▸ **Work order**:
From the line with "Flower I - Print by Donald Baechler" to the line with "Упражнение 681 - ГДЗ", retype every line exactly, including those two, and leave out the rest of the data below.
───── Task inputs ─────
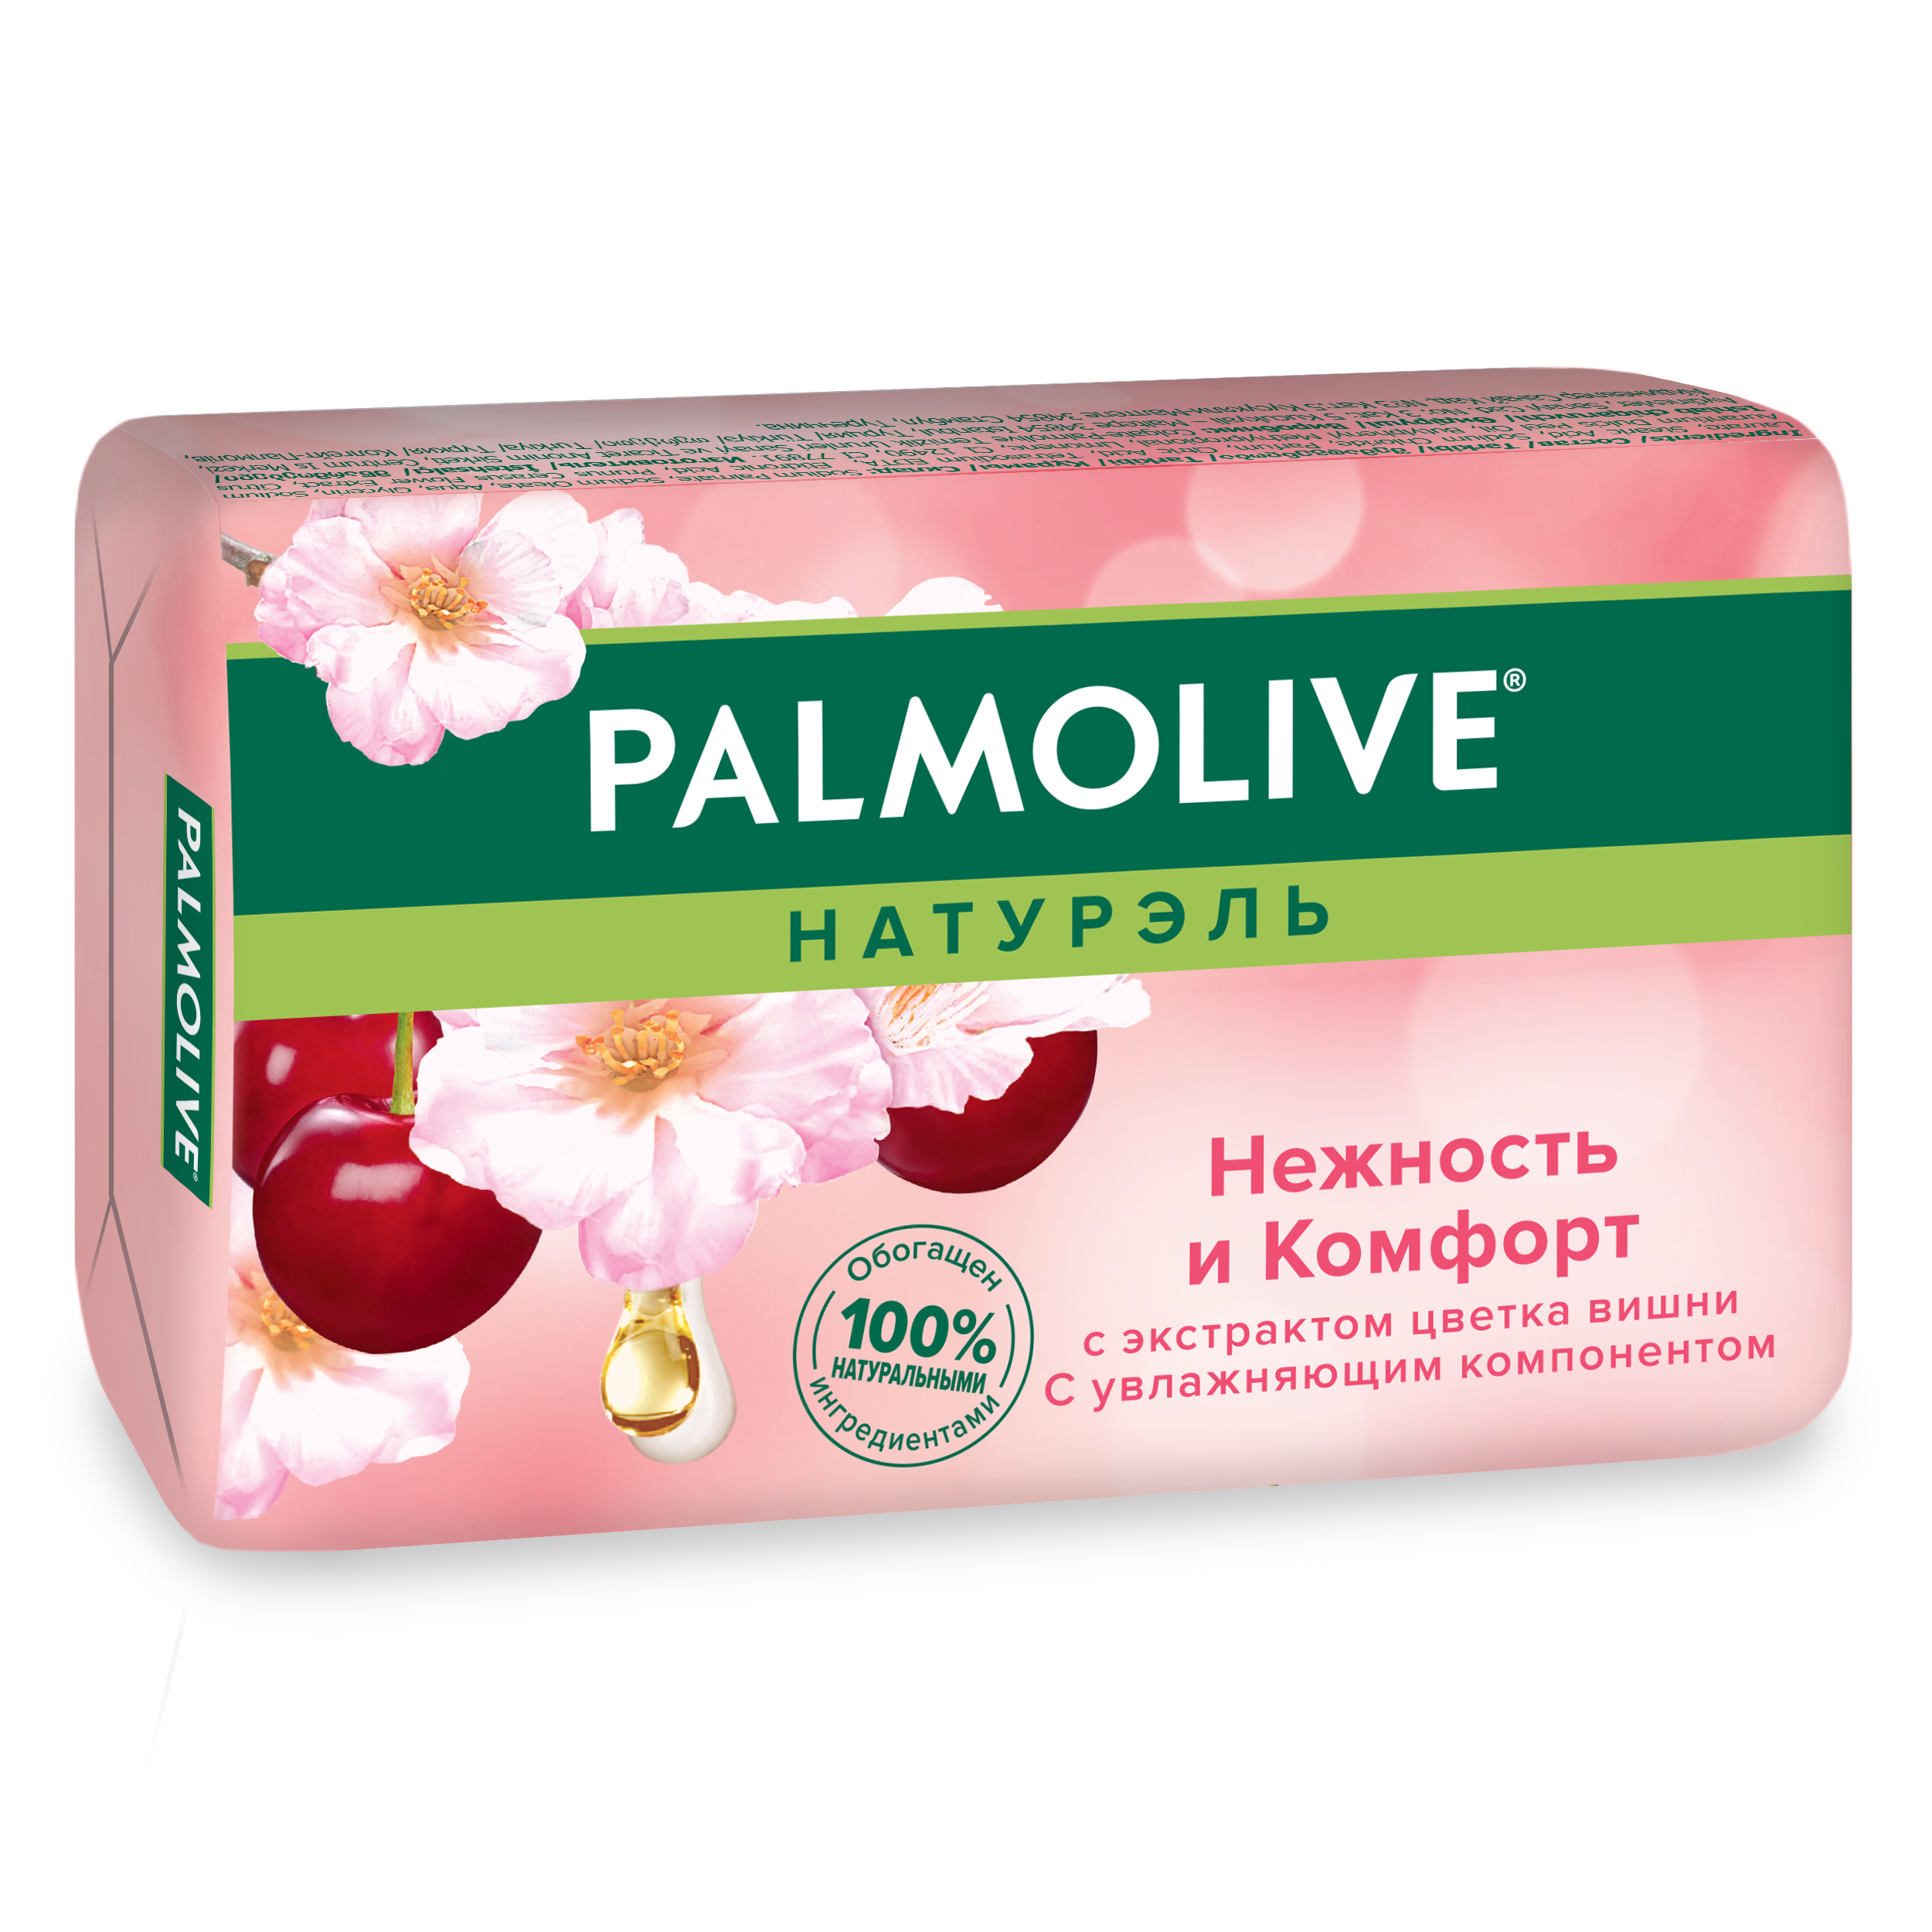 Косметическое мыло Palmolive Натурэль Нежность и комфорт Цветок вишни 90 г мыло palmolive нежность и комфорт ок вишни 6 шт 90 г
─────
───── Task inputs ─────
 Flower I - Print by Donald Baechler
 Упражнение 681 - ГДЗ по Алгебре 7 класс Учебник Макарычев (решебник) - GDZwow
─────
───── Task inputs ─────
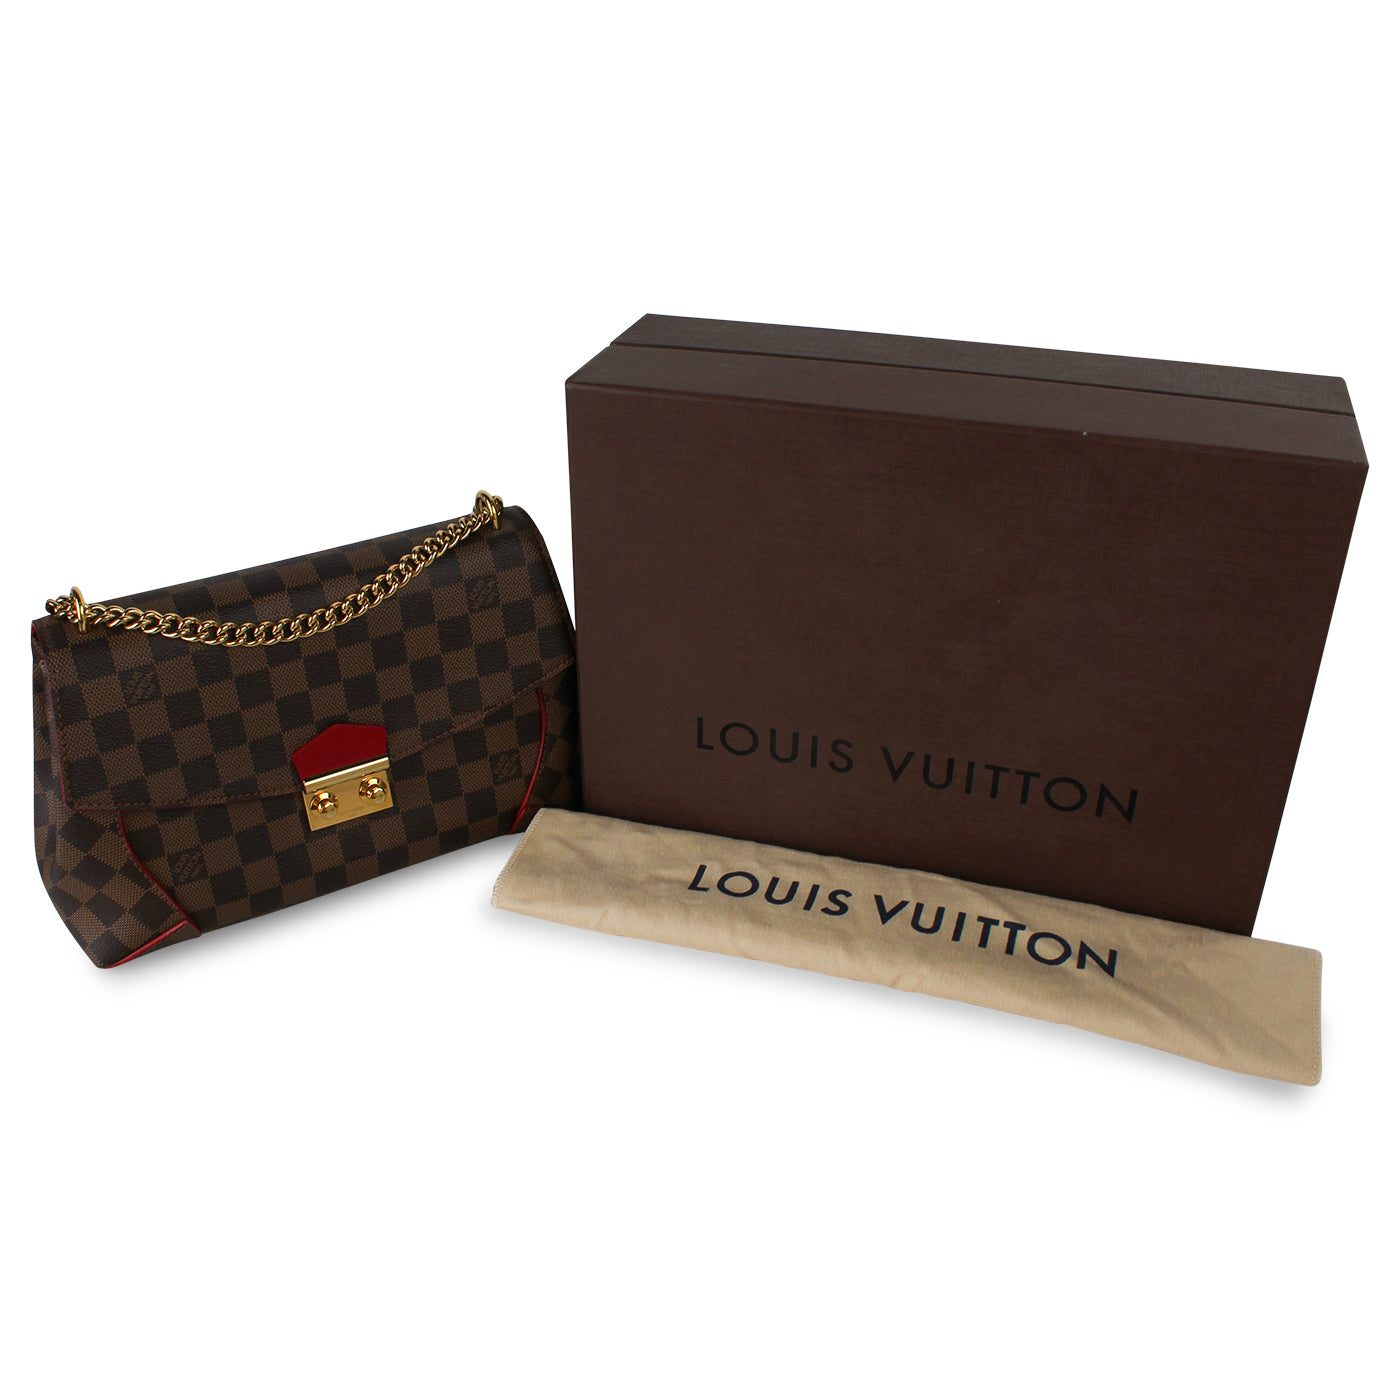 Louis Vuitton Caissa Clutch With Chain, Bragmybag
─────
▸ **Solution to this task**:
 Flower I - Print by Donald Baechler
 Упражнение 681 - ГДЗ по Алгебре 7 класс Учебник Макарычев (решебник) - GDZwow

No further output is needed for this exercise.